Daily Kos -   In 1969, the first no-fault divorce law in the United States was signed by a divorced former actor turned governor of California, Ronald Reagan. Over the next forty years, no-fault divorce laws spread across the United States, with New York being the last state to sign on, in 2010. These laws ended a period in which any party filing for divorce had to not simply give some reason for the dissolution of marriage—like adultery, cruelty, or abuse—but also provide evidence to support these claims. Some couples would even risk faking adultery or subject themselves to unnecessary moves to achieve a divorce. In many cases, women facing domestic violence would be blocked by the financial or social costs of mounting a case for divorce, or forced to stay with abusers by judges who didn’t accept their pleas.

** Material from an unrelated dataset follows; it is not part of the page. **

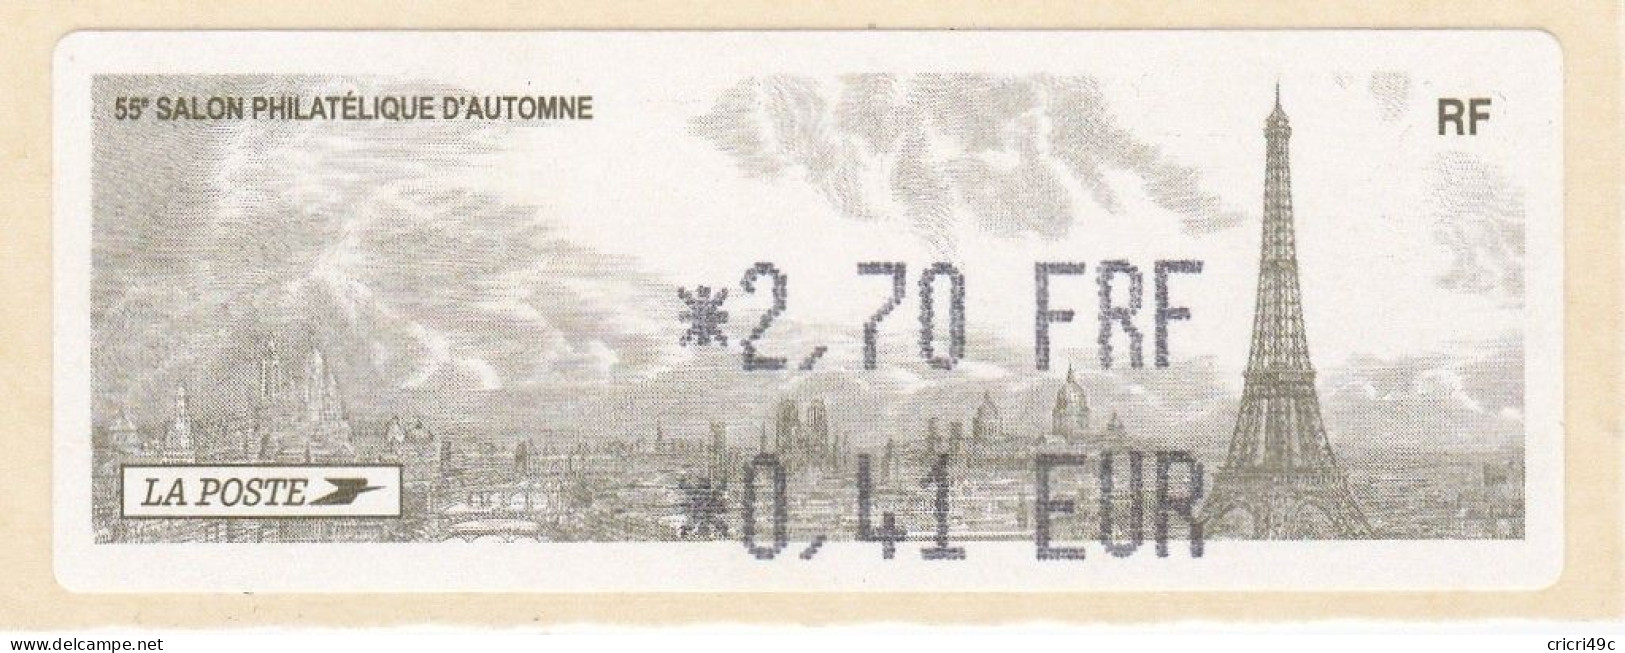 1 ATM LISA. 55è SALON PHILATHELIQUE D"AUTOMNE PARIS  2001. 2.70F  Neufs** - 2010-... Geïllustreerde Frankeervignetten

The result of no-fault divorce was immediately visible, not just in an increase in divorce but also in a sharp decrease in domestic violence. States where no-fault divorce laws were passed saw around a 30% drop in domestic violence between 1976 and 1985. In addition, the number of women murdered by domestic partners decreased by 10%. Even suicide among women declined once no-fault divorce made it possible to dissolve failed marriages without an extended legal fight and public shame...

As Salon reports, Vance has been among those with the harshest view of divorce, taking a position that might sound extreme even to extremists. Speaking to an audience at Pacifica Christian High School in Southern California, Vance called no-fault divorce “one of the great tricks … that the sexual revolution pulled on America.” According to Vance, ending marriages that were “maybe even violent” somehow harmed the children more than suffering through those violent marriages... As for Donald Trump, who—well, both of his divorces had a cause: Trump’s adultery. So that’s okay to conservatives. 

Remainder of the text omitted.